# [STORED DATA]
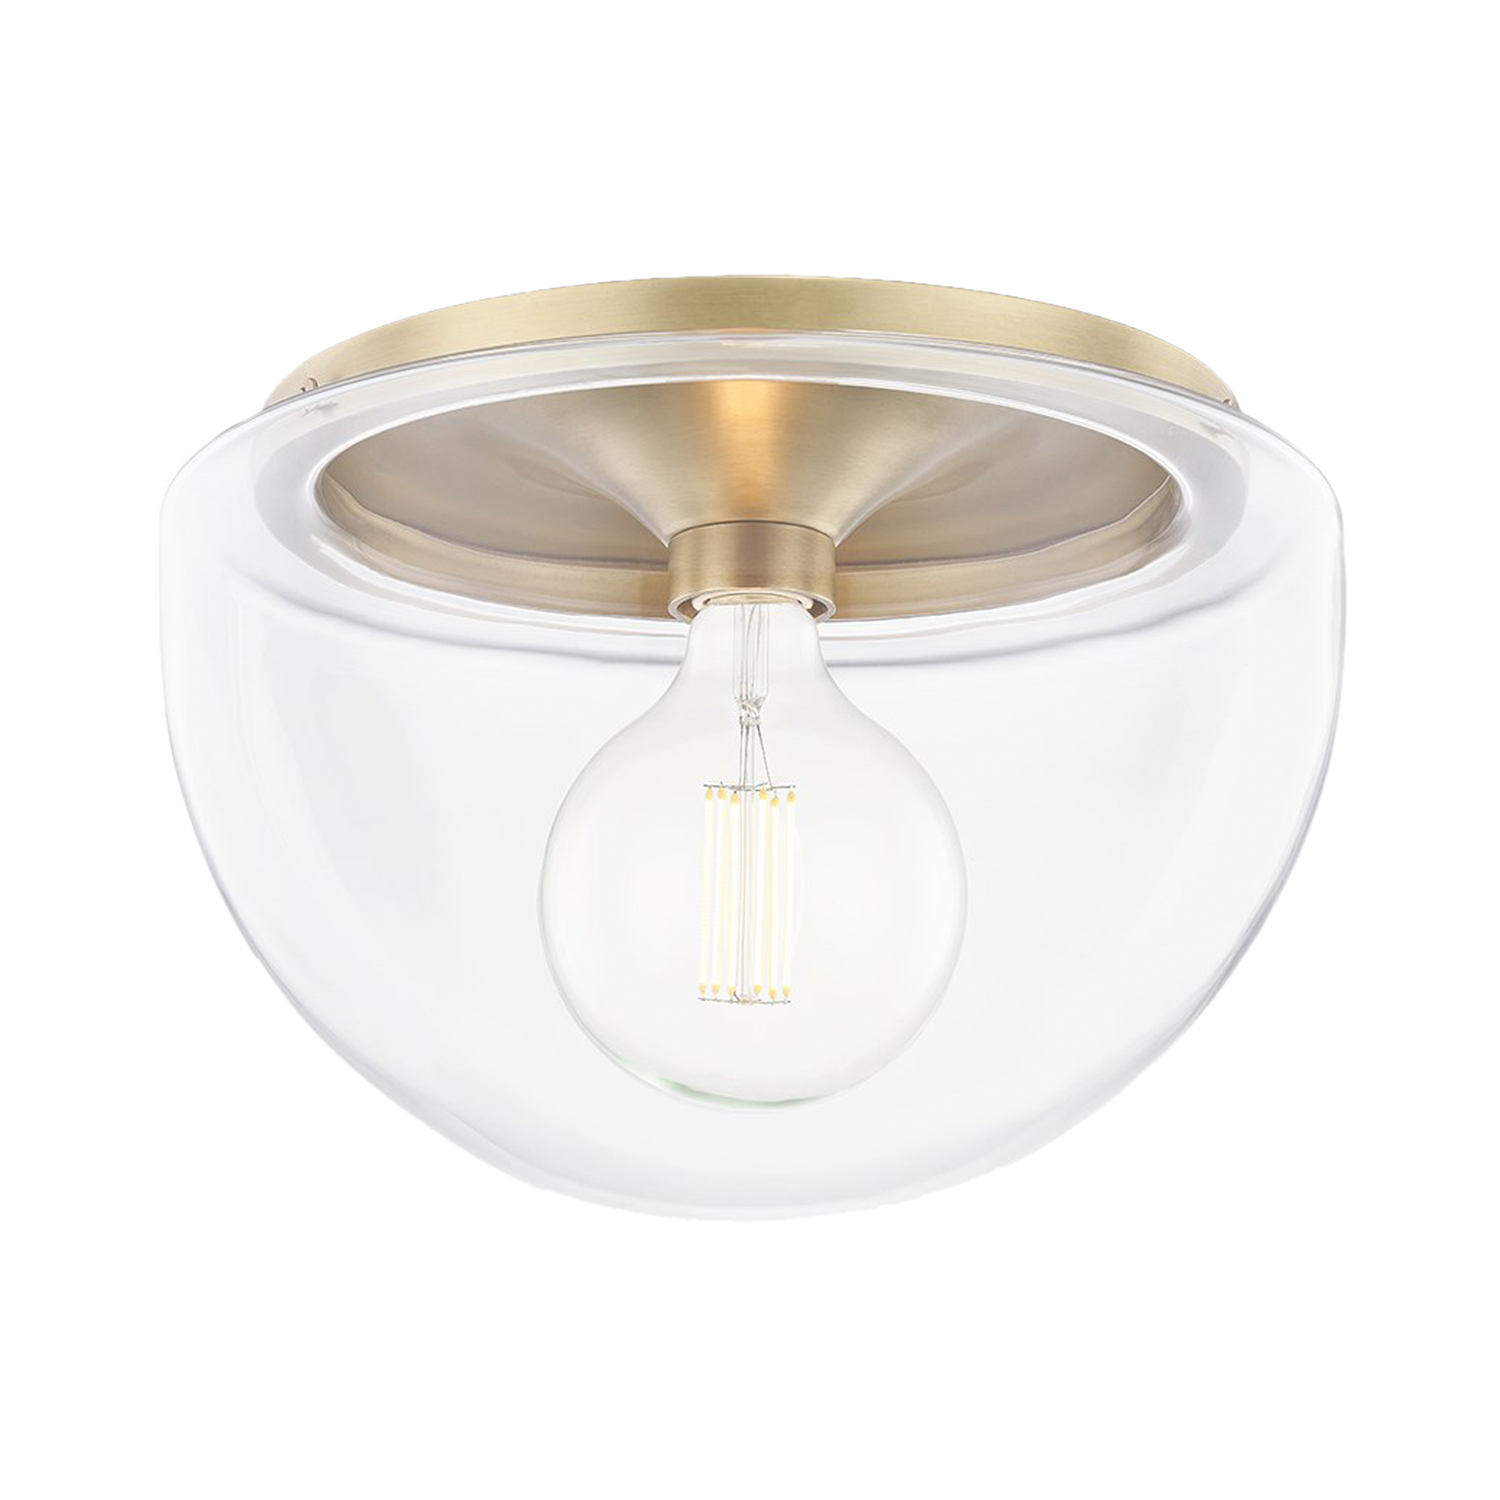 The Chicest Flush Mount Lighting: Trusted Favorites and Stylish Picks - The  Zhush
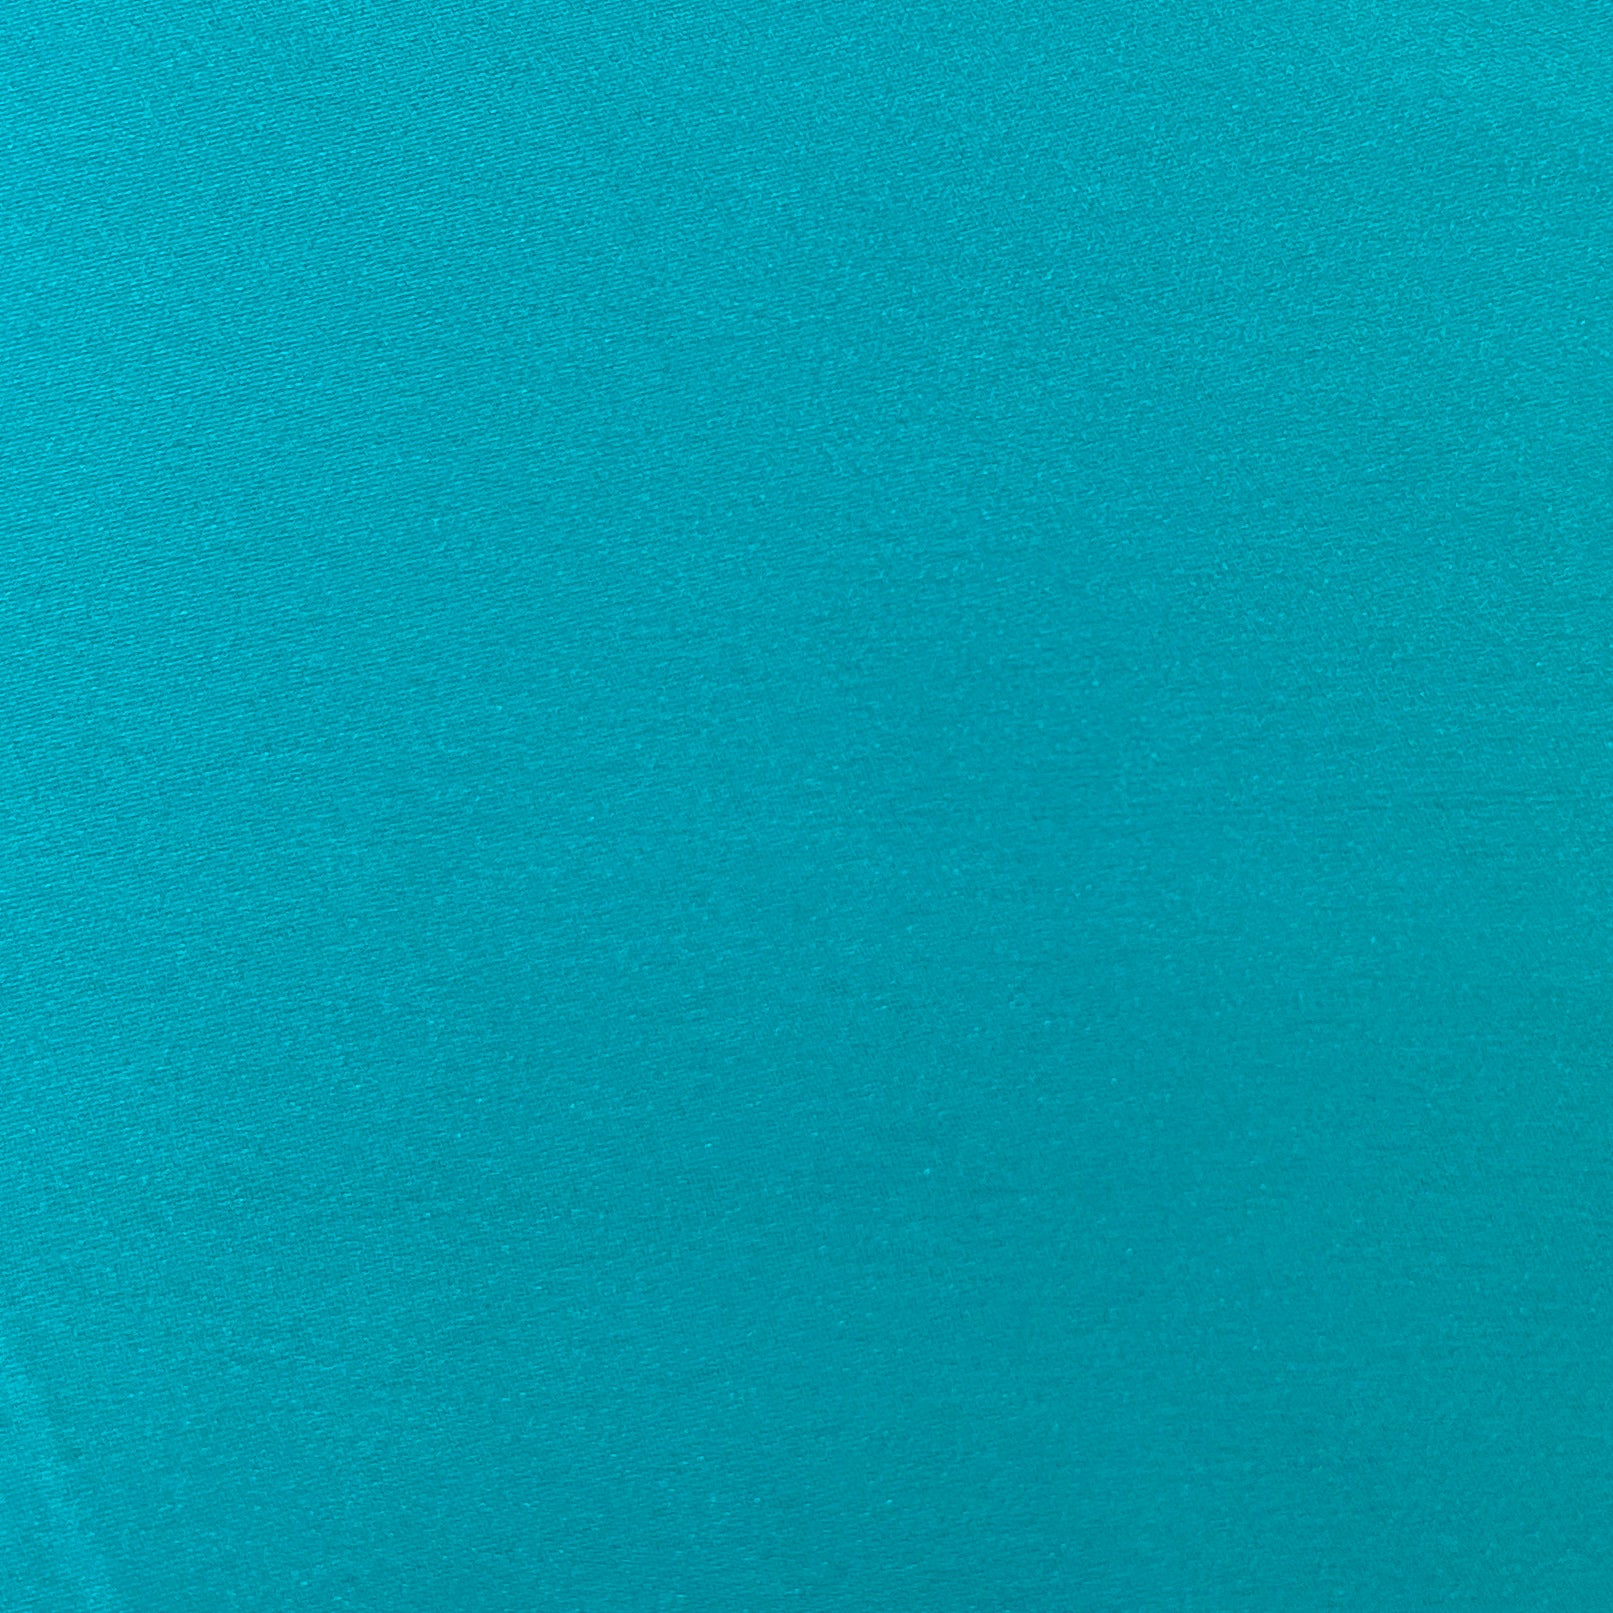 Exclusive Turquoise Green Solid Georgette Satin Fabric
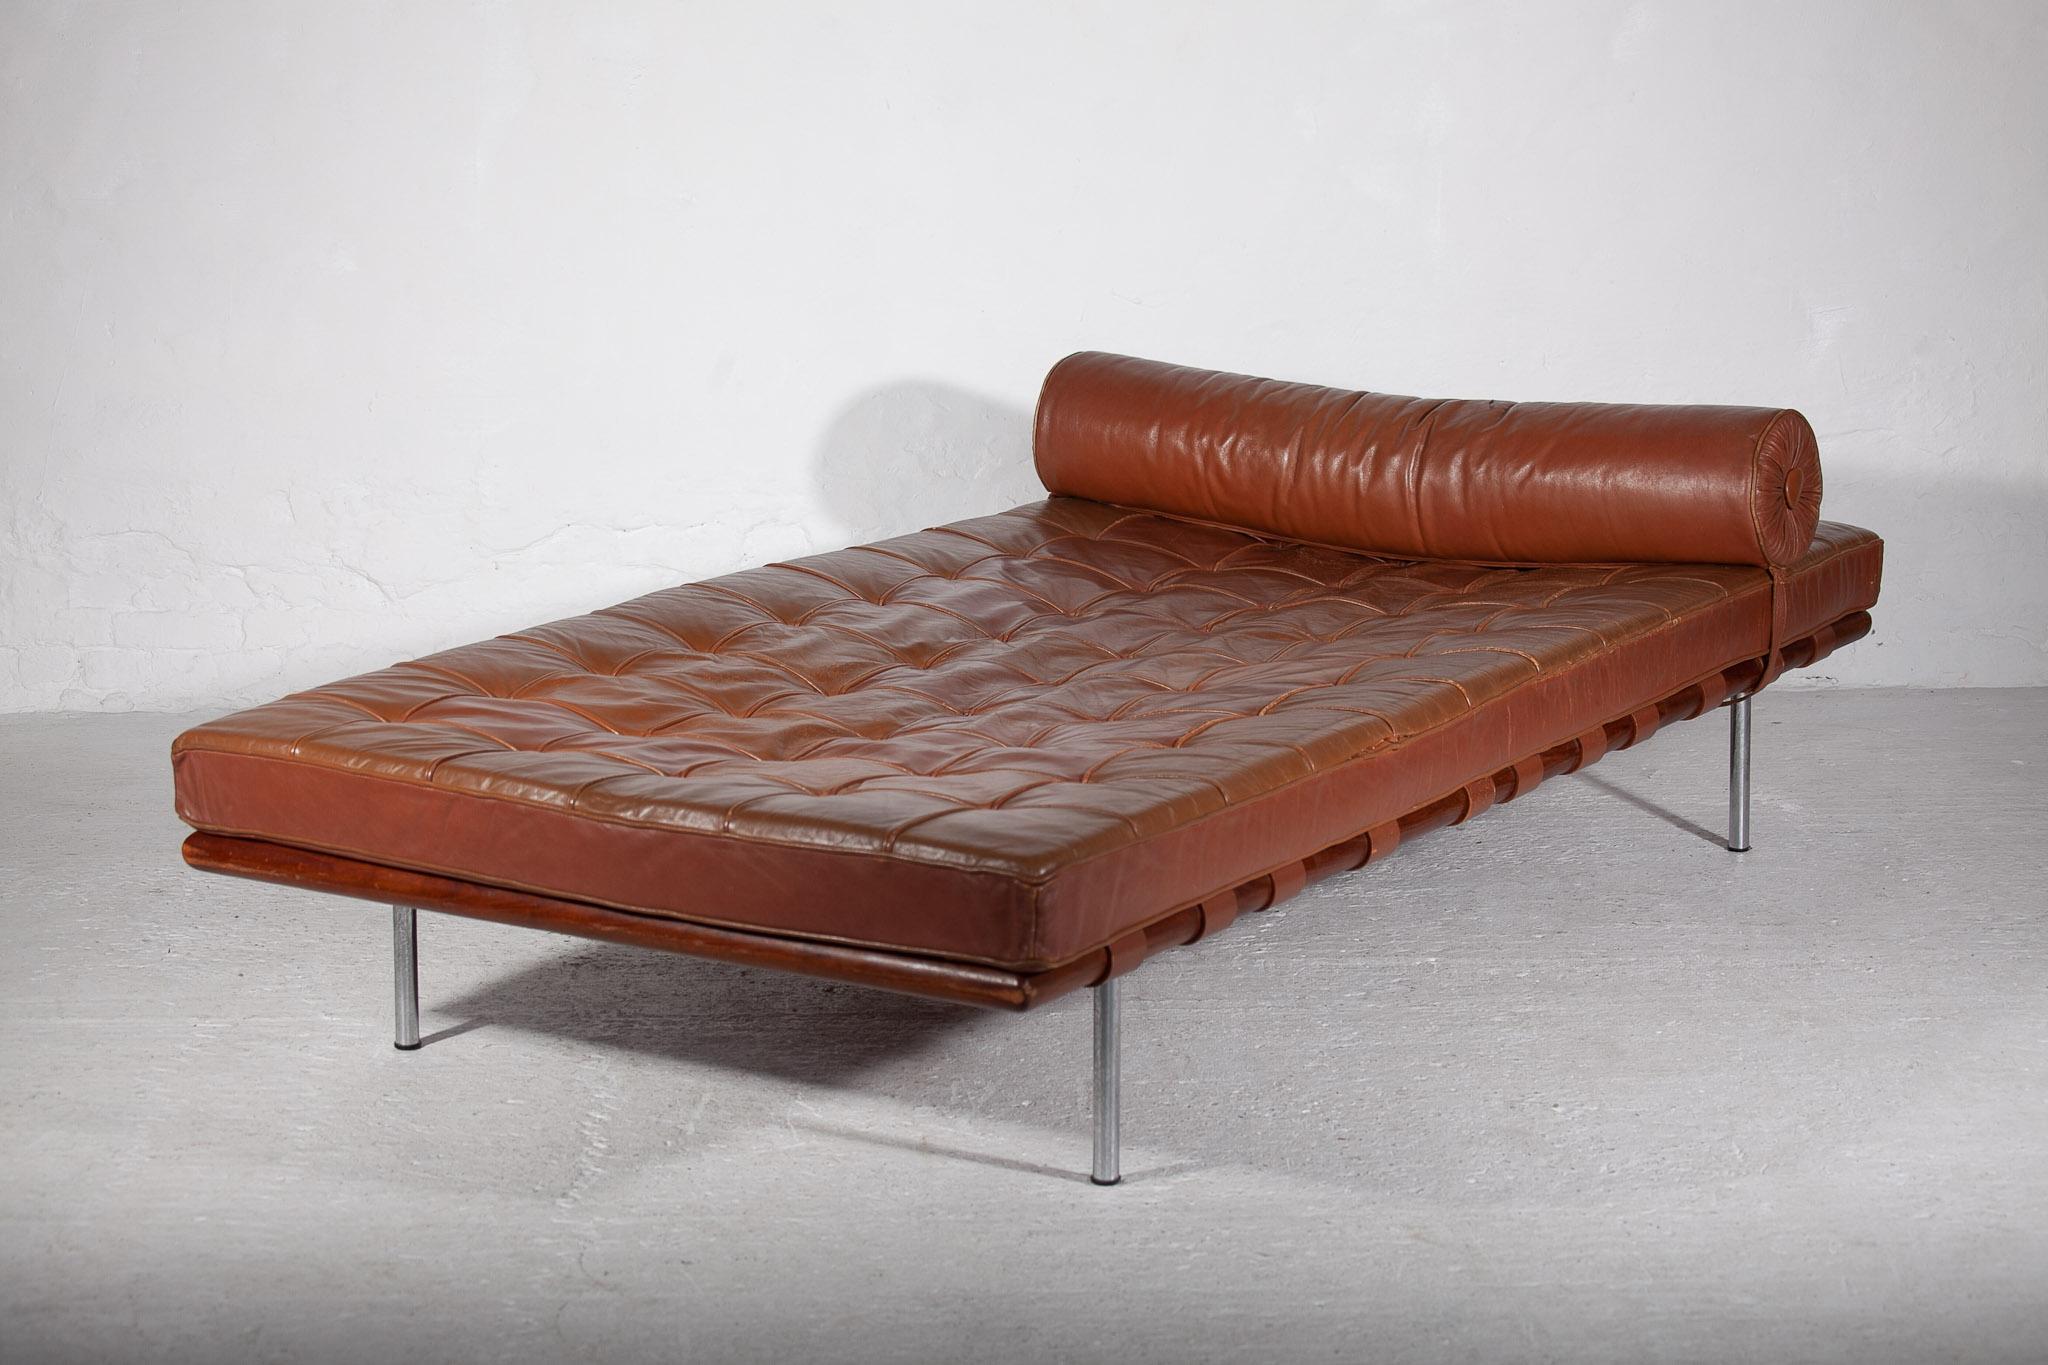 Iconic original brown leather patchwork daybed designed by Mies van der Rohe, produced by Knoll in the 1960s. Beautiful patina and very good quality leather upholstery designed mattress in combination with a teak wooden frame and chrome legs.
The

# [ACTIVITY]
Repeat the listing in full and exactly. Do not include any images.

# [OUTPUT OF THE EXERCISE]
 The Chicest Flush Mount Lighting: Trusted Favorites and Stylish Picks - The  Zhush
 Exclusive Turquoise Green Solid Georgette Satin Fabric
 Iconic original brown leather patchwork daybed designed by Mies van der Rohe, produced by Knoll in the 1960s. Beautiful patina and very good quality leather upholstery designed mattress in combination with a teak wooden frame and chrome legs.
The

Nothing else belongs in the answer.